Bug 210301

Summary: *ERROR* IB test failed on gfx (-110) on Ryzen 4750u
Product: Drivers Reporter: ar_registration
Component: Video(DRI - non Intel)Assignee: drivers_video-dri
Status: NEW ---    
Severity: normal CC: alexdeucher, me
Priority: P1    
Hardware: Intel   
OS: Linux   
Kernel Version: 5.9.8 Subsystem:
Regression: No Bisected commit-id:

Description ar_registration 2020-11-21 22:43:05 UTC
Boting in a new Thinkpad T14 AMD (4750u), I get *sometimes* the following errors:

2020-11-21T16:45:15.53245 kern.err: [    5.934142] amdgpu 0000:07:00.0: [drm:amdgpu_ib_ring_tests [amdgpu]] *ERROR* IB test failed on gfx (-110).
2020-11-21T16:45:15.53247 kern.err: [    5.935598] [drm:process_one_work] *ERROR* ib ring test failed (-110).

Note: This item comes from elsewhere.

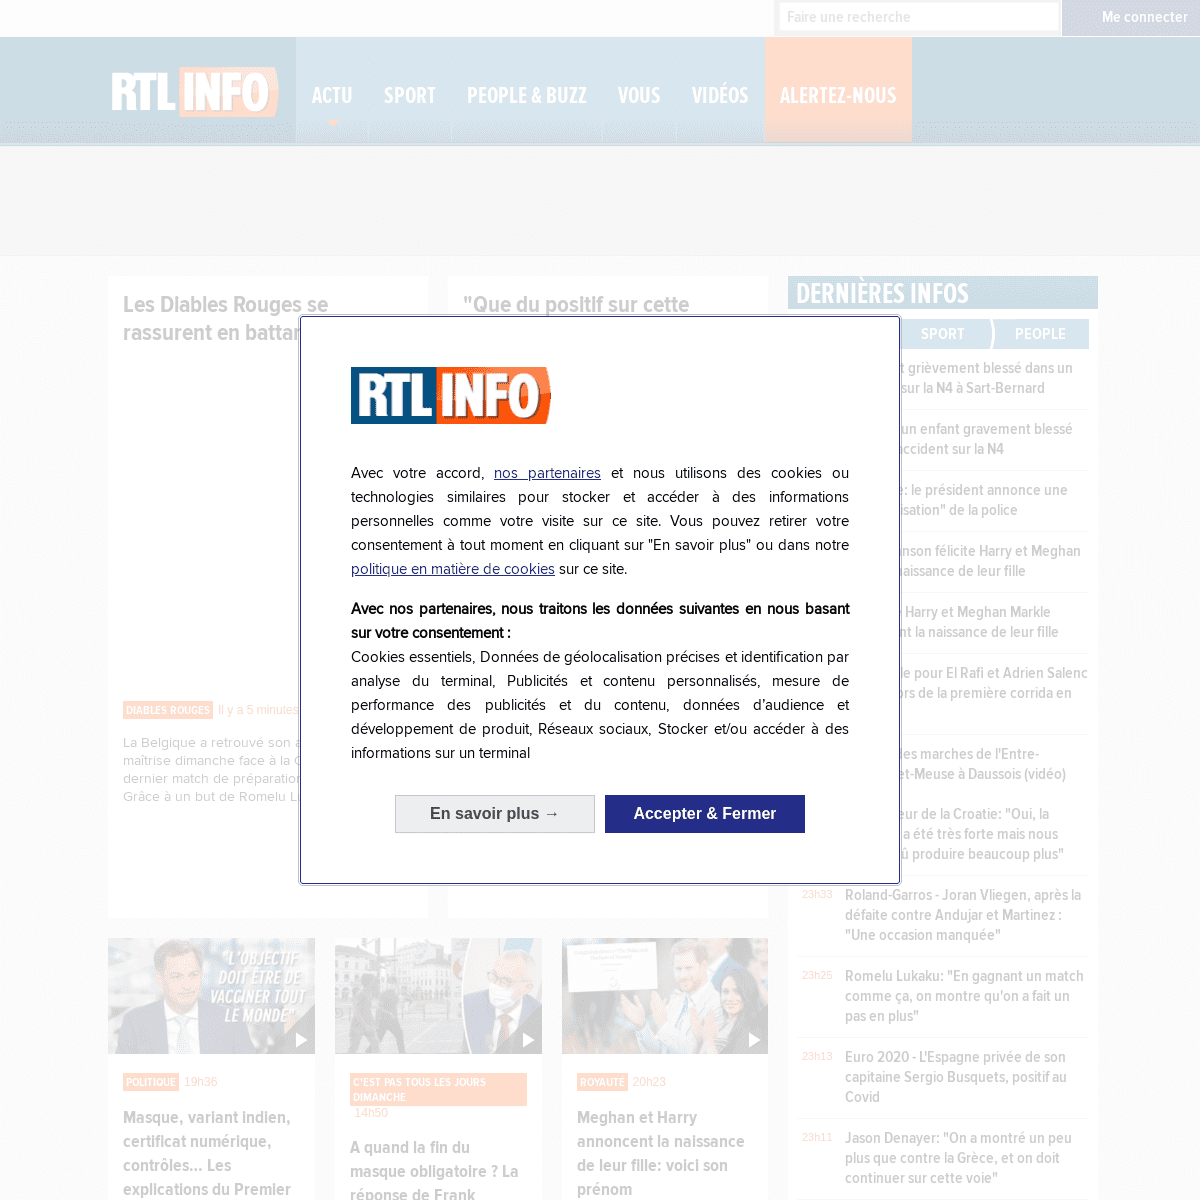 A complete backup of https://rtl.be

When this happens (typically 9/10 times) the machine eventually hangs. Sometimes with a page fault, sometimes with a general protection fault, but *always* in what appears to be the zfs calls. 

When the machine boots without the "*ERROR* IB test failed on gfx ", the machines *never* produces segmentation faults/general protection faults, even under very heavy i/o load.

I have reproduced this problem:
- In kernels 5.8.18, 5.9.6, 5.9.7, 5.9.8
- With two different SSD
- With the firmware versions 20201118, 20201022, 20200918
- I have updated te BIOS two times (versions 1.09, 1.25, 1.27)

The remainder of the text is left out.